Sampai pada saat berusia 15 tahun, Edmund Prier semakin tertarik dengan dunia musikal dan memutuskan untuk belajar organ pipa dan berbagai teori music di sebuah gereja Katolik terbesar di dekat rumahnya.
Selang 5 tahun setelahnya, Edmund Prier memutuskan untuk menjadi seorang imam Katolik.
Kisah sang misionaris
Selama bersekolah di Gymnasium, Prier senang membaca berbagai buku rohani.

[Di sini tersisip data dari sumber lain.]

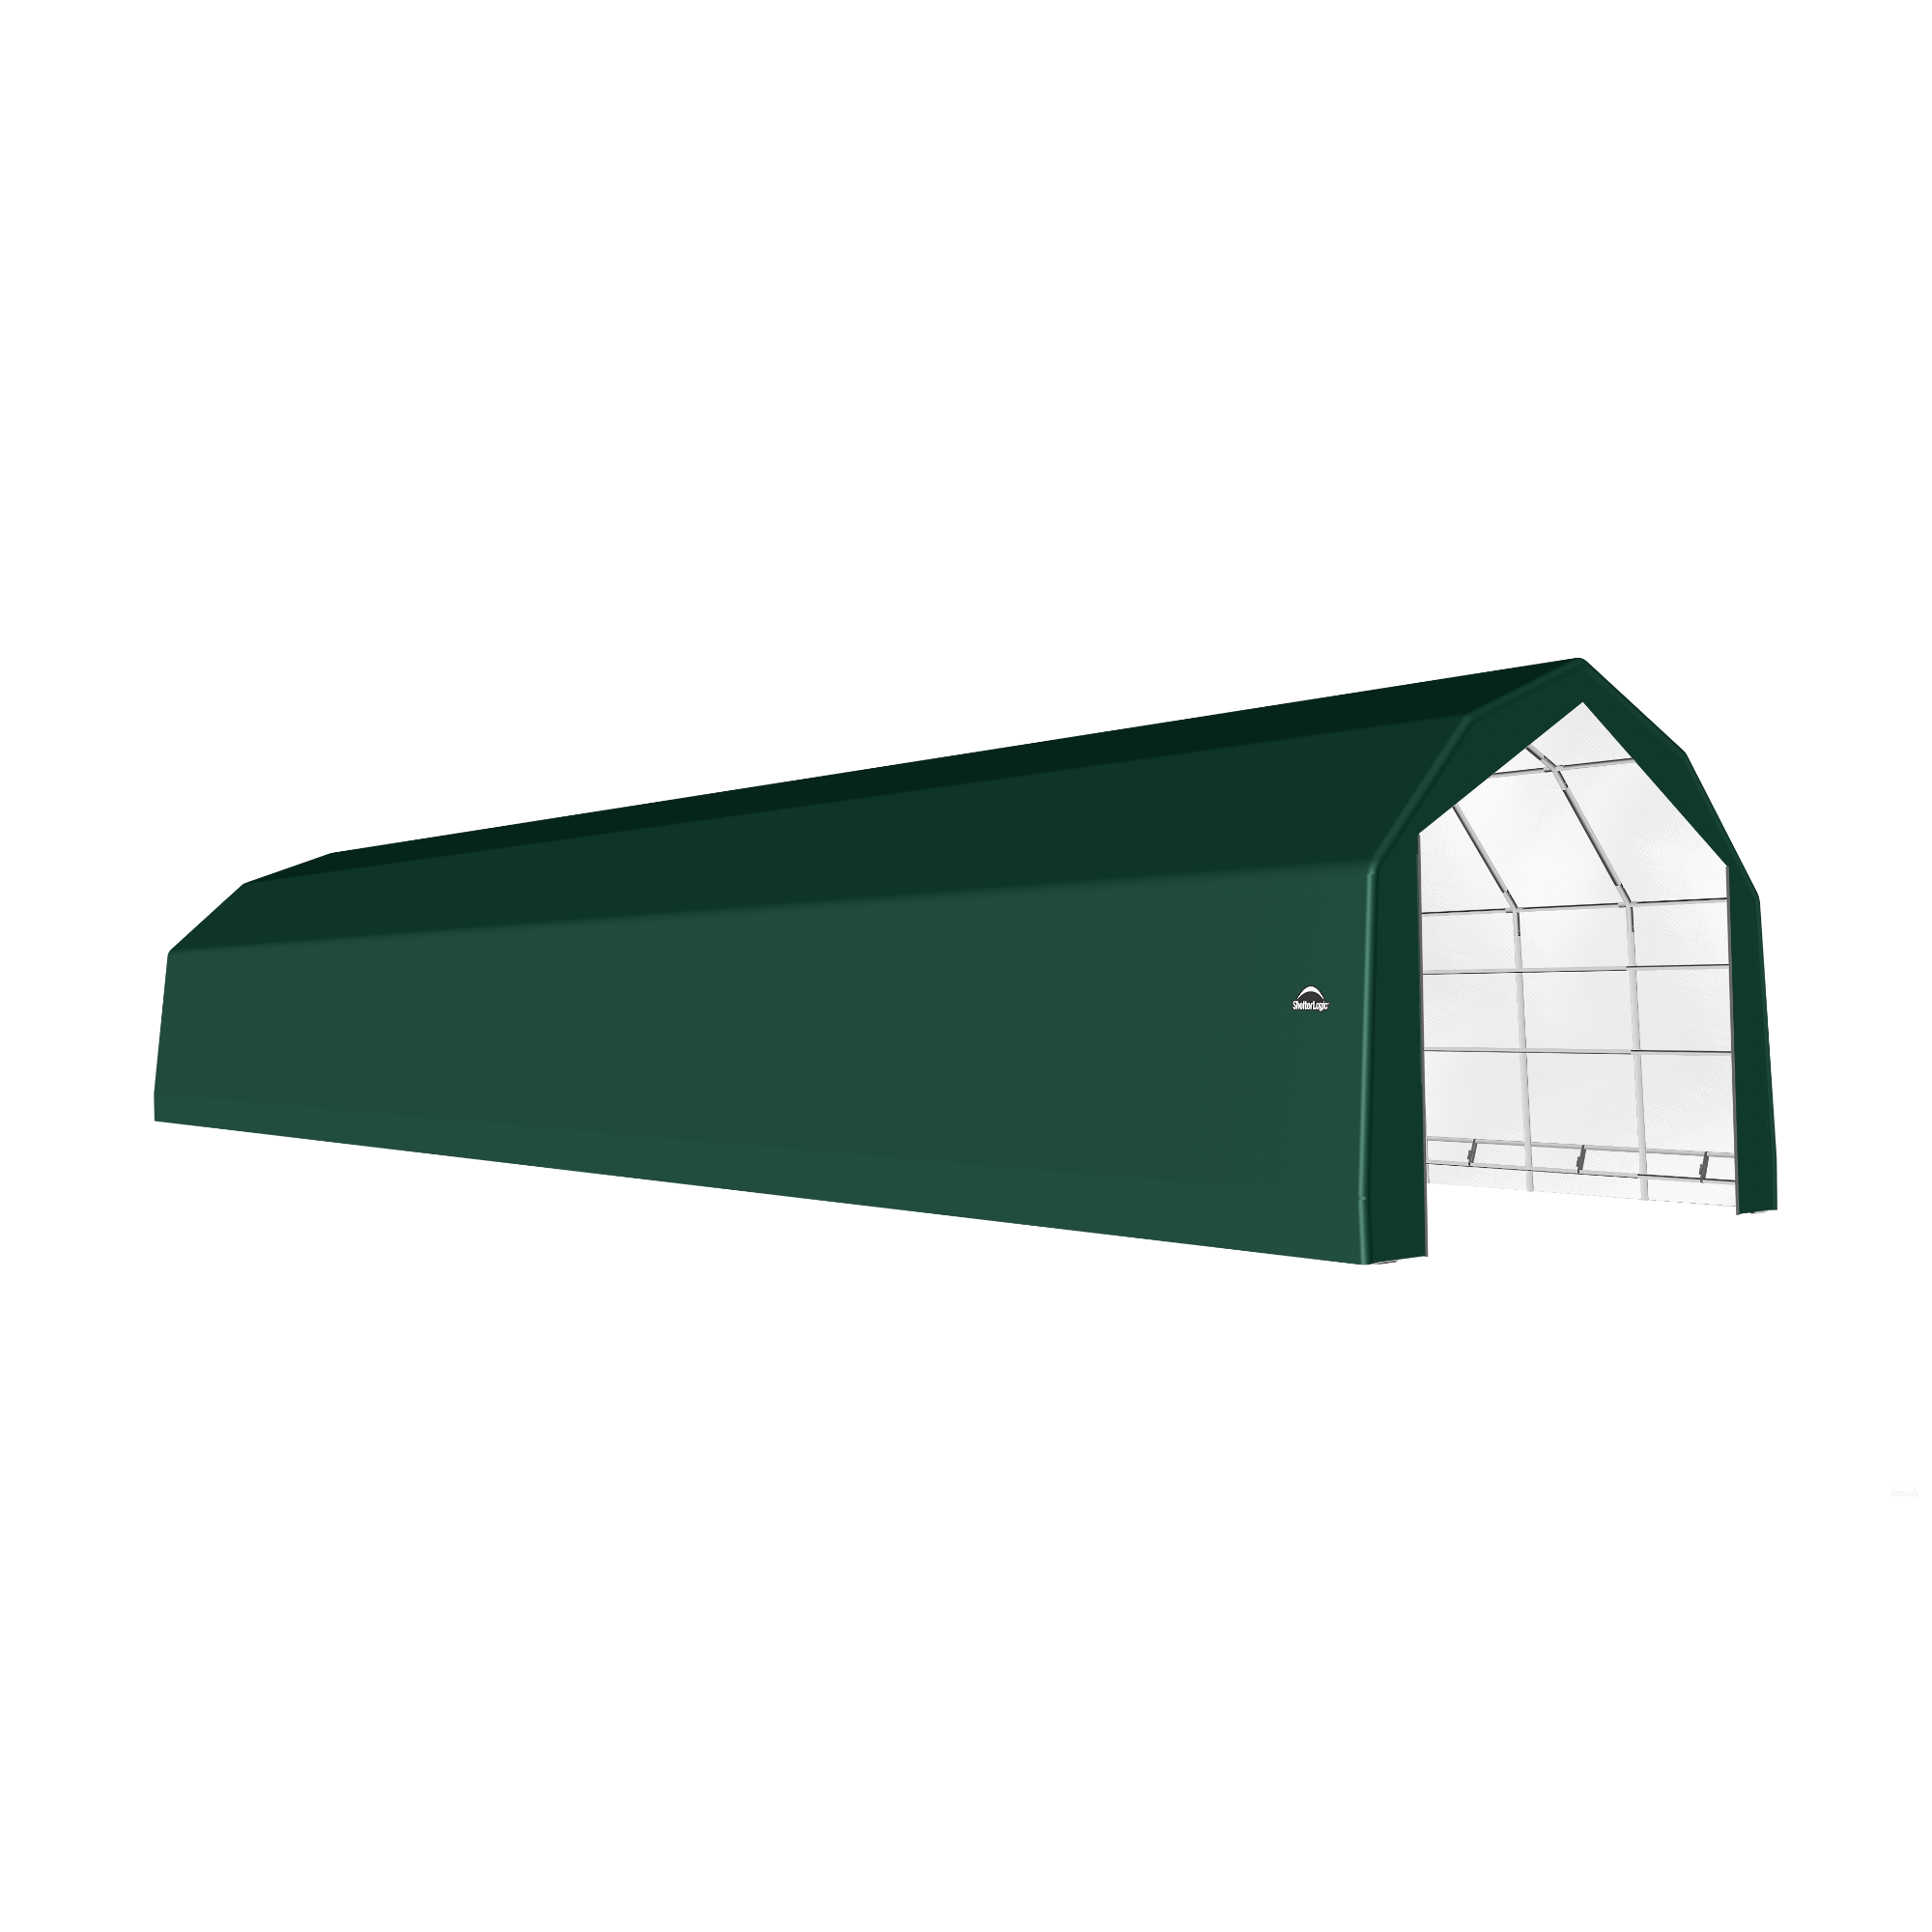 SP Barn 20X76X15 Green 14 oz PE Shelter

Salah satu buku yang berdampak terhadap perubahan hidupnya adalah buku yang menceritakan perjalanan seorang misionari menuju Alaska.
Di sana, sang misionaris memberitakan Injil kepada orang-orang Eskimo.
Hal itulah yang menjadi alasan bagi Prier memutuskan bahwa dirinya ingin menjadi seperti seorang misionari seperti misionari tersebut.
Setelah lulus dari Gymnasium, Prier melanjutkan studi di Novisiat Serikat Jesus (SJ) yang memberikan jaminan untuk bisa menjadi misionaris di luar negeri seperti impiannya.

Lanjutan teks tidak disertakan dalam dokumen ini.